2. Very high-dimensional data: Text with 50,000+ word features. NB handles this naturally because it estimates each feature independently. No matrix inversions, no curse of dimensionality.

3. Real-time prediction: NB prediction is a simple sum of log-probabilities — O(d) per sample. No matrix multiplications, no tree traversals. It can classify millions of documents per second.

4. Incremental learning: NB can update its model with new data without retraining from scratch (partial_fit() in scikit-learn). Useful for streaming data.

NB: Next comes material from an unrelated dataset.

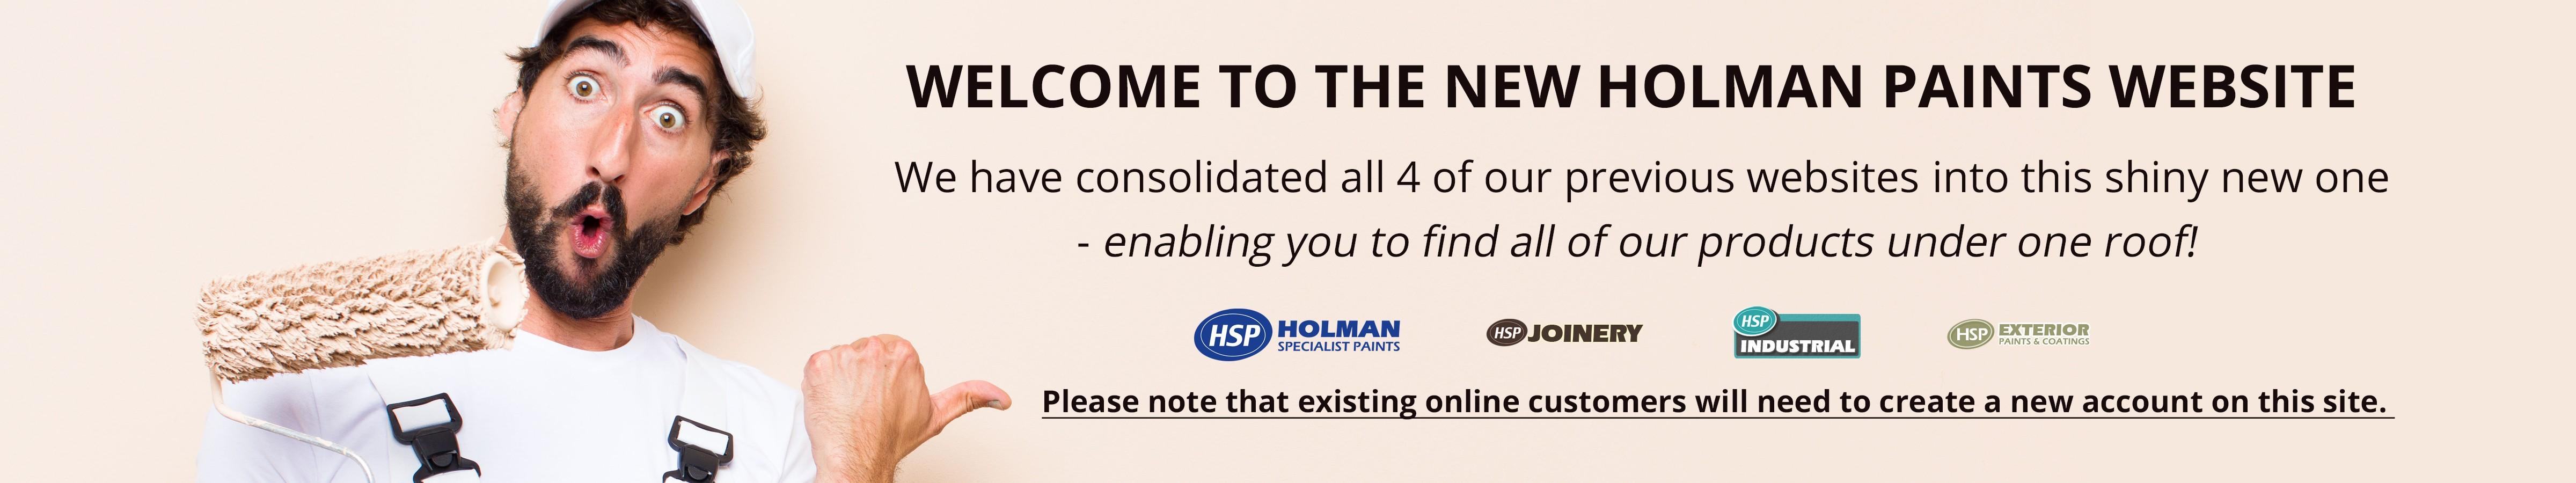 New Holman Paints Website
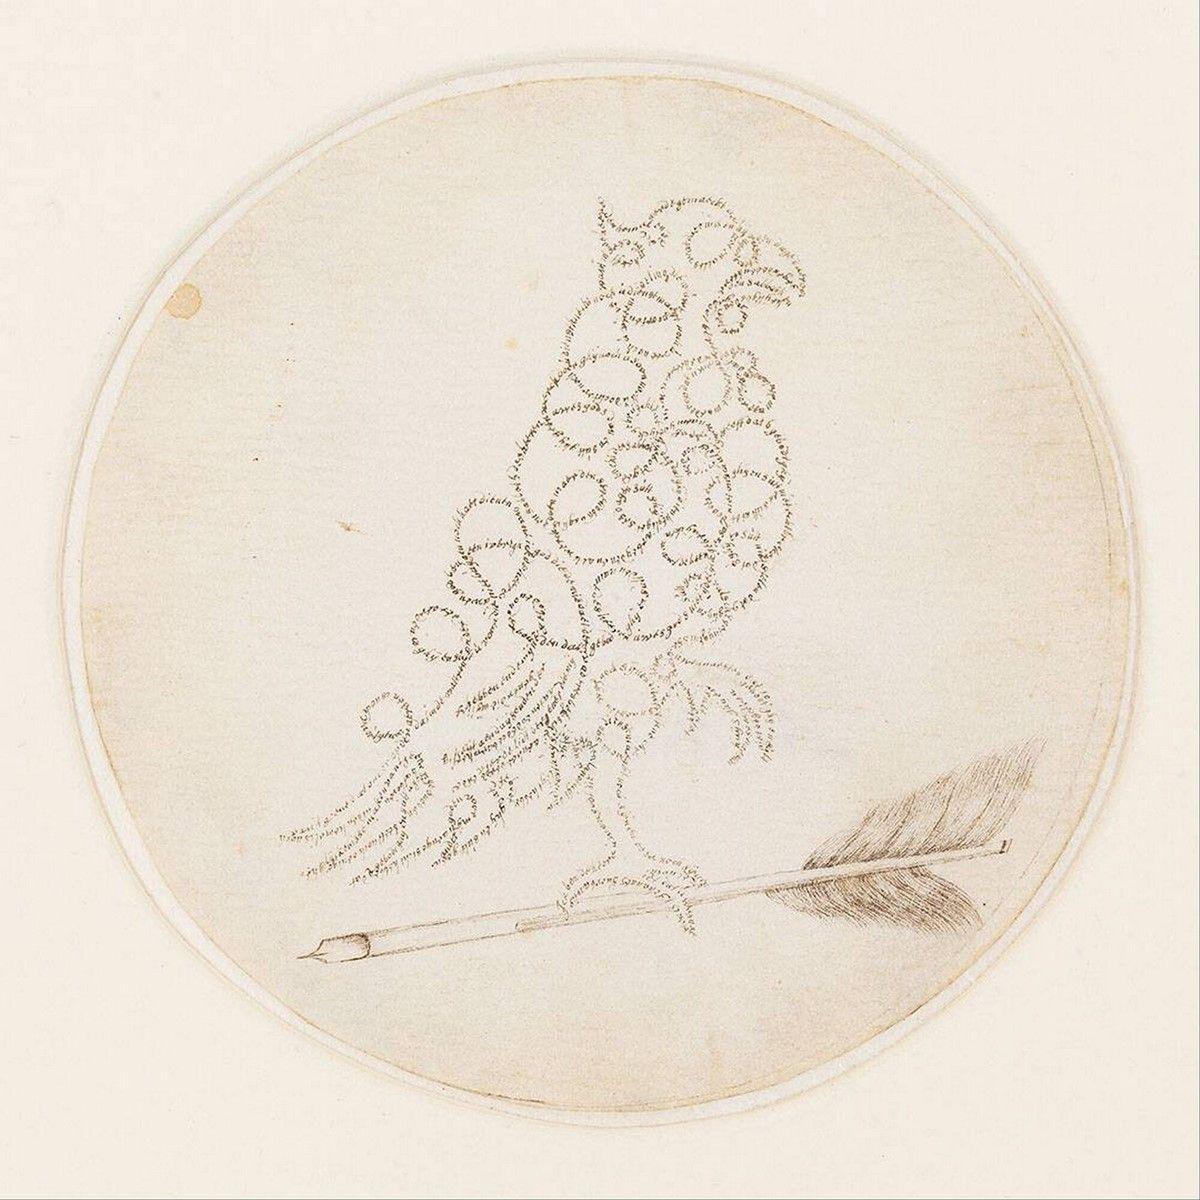 """Parrot Standing on a Writing Pen"", c. 1600/1700, J. Suerbants, Museum Boijmans Van Beuningen"

5. Multi-class is natural: NB handles K classes with no extra machinery — just compute P(y=k | x) for each class. No one-vs-rest needed.

1. Probability calibration: NB probabilities are often poorly calibrated — it tends to push probabilities toward 0 and 1. The rankings are usually correct, but the actual probability values are unreliable. Use CalibratedClassifierCV if you need calibrated probabilities.

2. Feature correlations: Highly correlated features get double-counted. If “free” and “money” always appear together, NB treats them as independent evidence, overestimating their combined effect.

3. Continuous features: GaussianNB assumes normal distributions. If features are multimodal or heavily skewed, the Gaussian assumption fails. Consider discretizing features or using kernel density estimation.